Start of Data segment

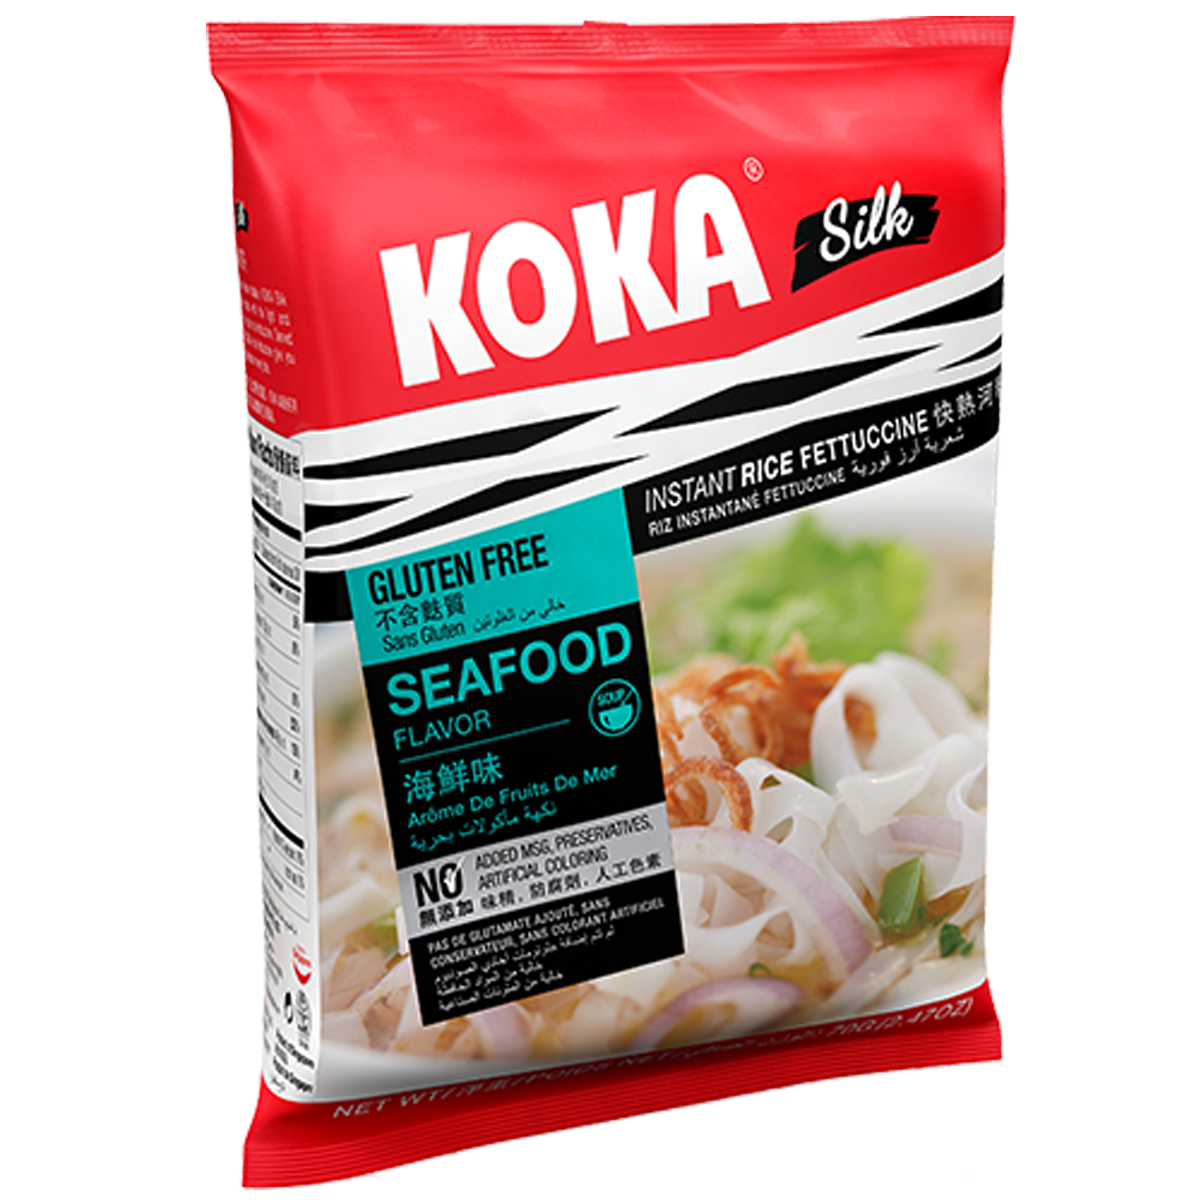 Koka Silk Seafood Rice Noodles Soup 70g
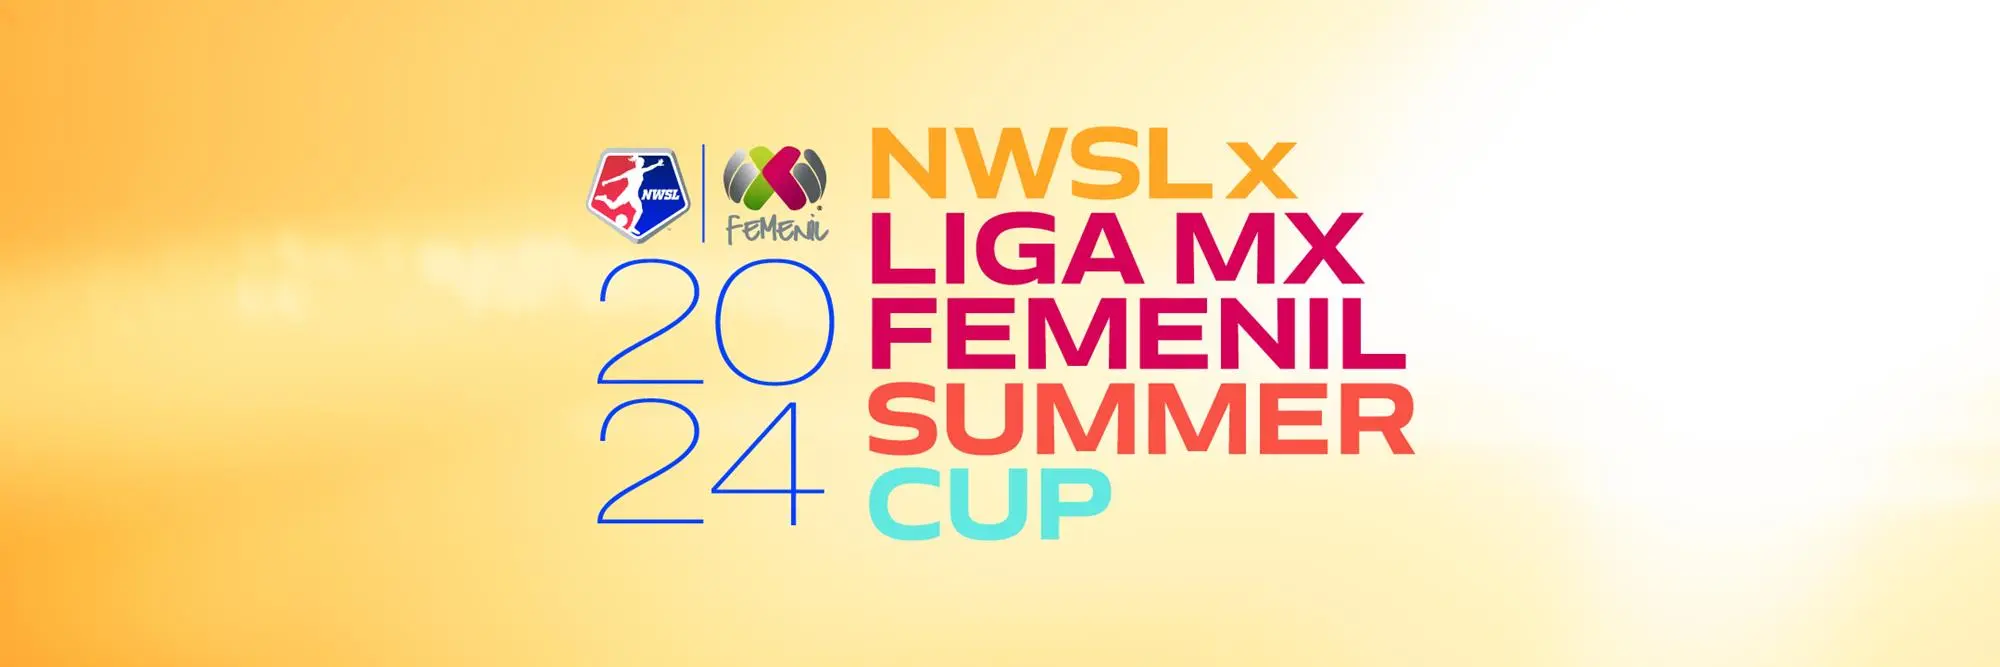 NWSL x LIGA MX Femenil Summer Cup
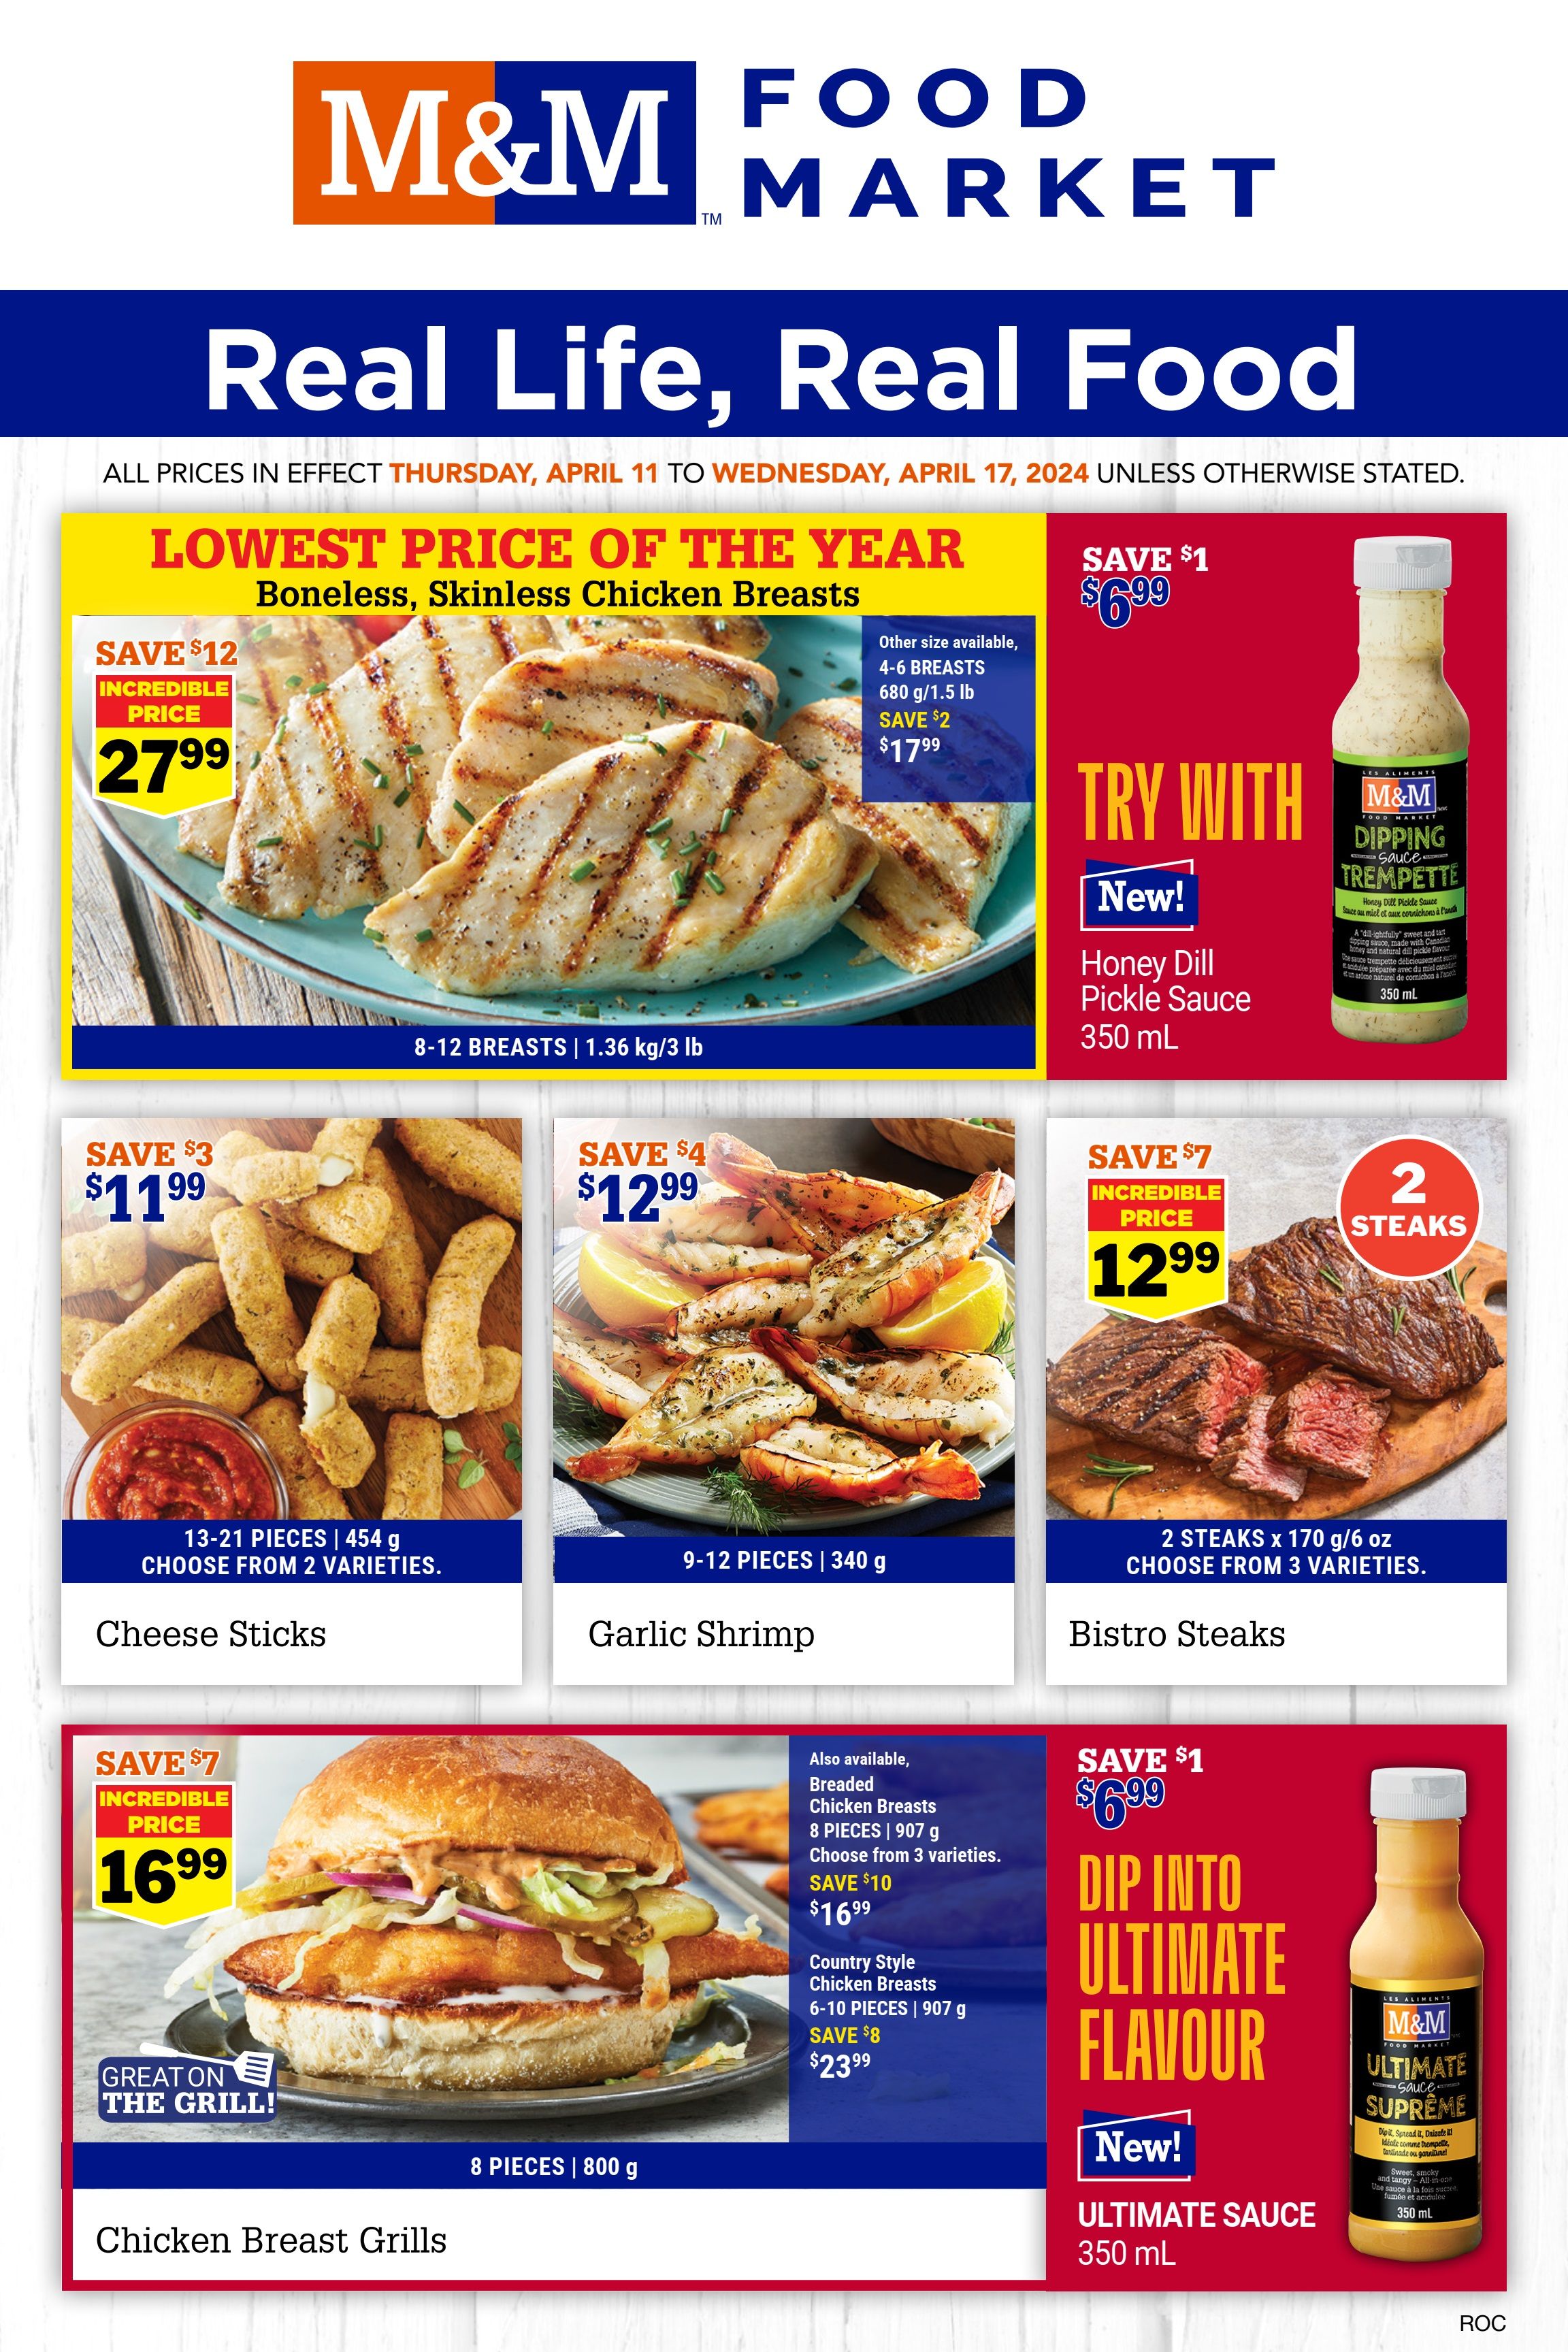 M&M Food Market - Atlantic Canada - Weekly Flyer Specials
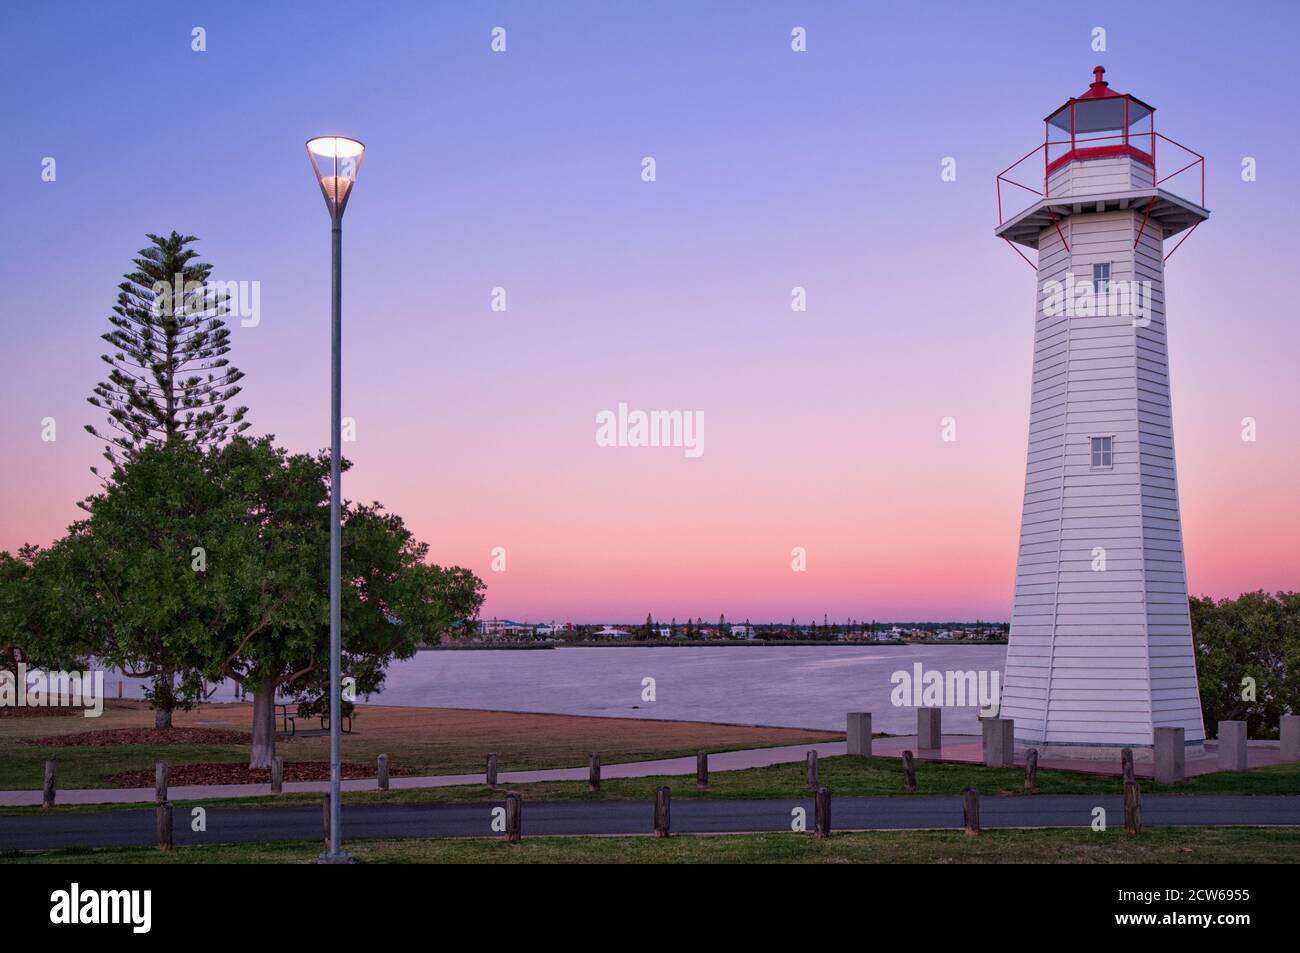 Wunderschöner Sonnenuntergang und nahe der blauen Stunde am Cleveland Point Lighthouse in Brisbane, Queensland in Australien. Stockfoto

End of Data segment

What you have to do:
Only the listing above, set down exactly and without pictures, belongs in the answer.

Written reply:
 Koka Silk Seafood Rice Noodles Soup 70g
 NWSL x LIGA MX Femenil Summer Cup
 M&M Food Market - Atlantic Canada - Weekly Flyer Specials
 Wunderschöner Sonnenuntergang und nahe der blauen Stunde am Cleveland Point Lighthouse in Brisbane, Queensland in Australien. Stockfoto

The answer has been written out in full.